Lightweight Joint Audio-Visual Deepfake Detection via Single-Stream Multi-Modal Learning Framework

Authors: Kuiyuan Zhang, Wenjie Pei, Rushi Lan, Yifang Guo, Zhongyun Hua

Published: 2025-06-09 02:13:04+00:00

AI Summary

This paper proposes SS-AVD, a lightweight single-stream multi-modal network for joint audio-visual deepfake detection, addressing the limitations of previous multi-stream models that underutilize audio-visual correlations and are computationally inefficient. It introduces a collaborative audio-visual learning (CAVL) block for continuous multi-modal feature fusion and a multi-modal classification module for enhanced robustness. The SS-AVD achieves superior detection performance across various deepfake types while being significantly more lightweight than state-of-the-art methods.

Abstract

Deepfakes are AI-synthesized multimedia data that may be abused for spreading misinformation. Deepfake generation involves both visual and audio manipulation. To detect audio-visual deepfakes, previous studies commonly employ two relatively independent sub-models to learn audio and visual features, respectively, and fuse them subsequently for deepfake detection. However, this may underutilize the inherent correlations between audio and visual features. Moreover, utilizing two isolated feature learning sub-models can result in redundant neural layers, making the overall model inefficient and impractical for resource-constrained environments. In this work, we design a lightweight network for audio-visual deepfake detection via a single-stream multi-modal learning framework. Specifically, we introduce a collaborative audio-visual learning block to efficiently integrate multi-modal information while learning the visual and audio features. By iteratively employing this block, our single-stream network achieves a continuous fusion of multi-modal features across its layers. Thus, our network efficiently captures visual and audio features without the need for excessive block stacking, resulting in a lightweight network design. Furthermore, we propose a multi-modal classification module that can boost the dependence of the visual and audio classifiers on modality content. It also enhances the whole resistance of the video classifier against the mismatches between audio and visual modalities.
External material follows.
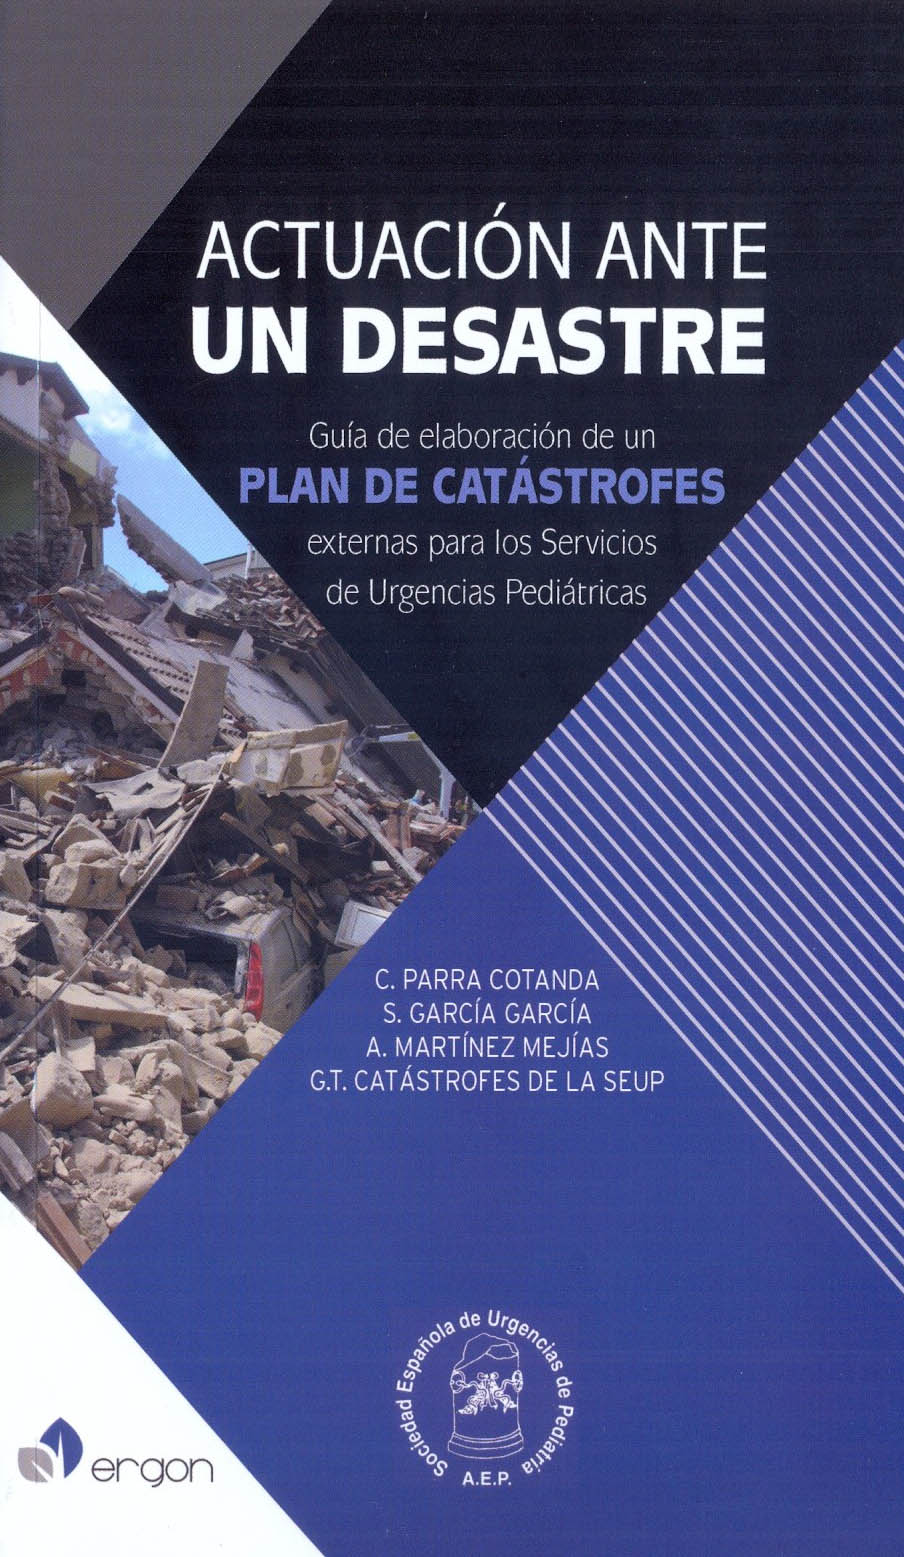 Actuación ante un desastre: Guía de elaboración de un Plan de Catástrofes externas para los Servicios de Urgencias Pediátricas

We conduct experiments on the DF-TIMIT, FakeAVCeleb, and DFDC benchmark datasets. Compared to state-of-the-art audio-visual joint detection methods, our method is significantly lightweight with only 0.48M parameters, yet it achieves superiority in both uni-modal and multi-modal deepfakes, as well as in unseen types of deepfakes.


Key findings
The SS-AVD achieves superior deepfake detection accuracy and AUC scores across uni-modal and multi-modal deepfakes, as well as unseen types, on DF-TIMIT, FakeAVCeleb, and DFDC datasets. It is significantly lightweight with only 0.48M parameters, which is substantially fewer than comparable state-of-the-art audio-visual joint detection methods (typically >5M parameters).
Approach
The proposed SS-AVD employs a single-stream multi-modal learning framework that iteratively fuses audio and visual features across its layers using a Collaborative Audio-Visual Learning (CAVL) block. This block integrates a Visual Preprocessing Module (VPM) and a Self-Attention Based Audio-Visual Module (SAAVM) to efficiently learn interactive features. Furthermore, a multi-modal classification module with Multi-Modal Style-Shuffle Augmentation (MMSSA) and Latent-Shuffle Augmentation (LSA) strategies is used to boost content dependence and enhance robustness against modality mismatches.
Datasets
DF-TIMIT, FakeAVCeleb, DFDC, VoxCeleb2 (for complementing FakeAVCeleb)
Model(s)
SS-AVD (a custom lightweight network), which includes a Collaborative Audio-Visual Learning (CAVL) block comprising a Visual Preprocessing Module (VPM) and a Self-Attention Based Audio-Visual Module (SAAVM).
Author countries
China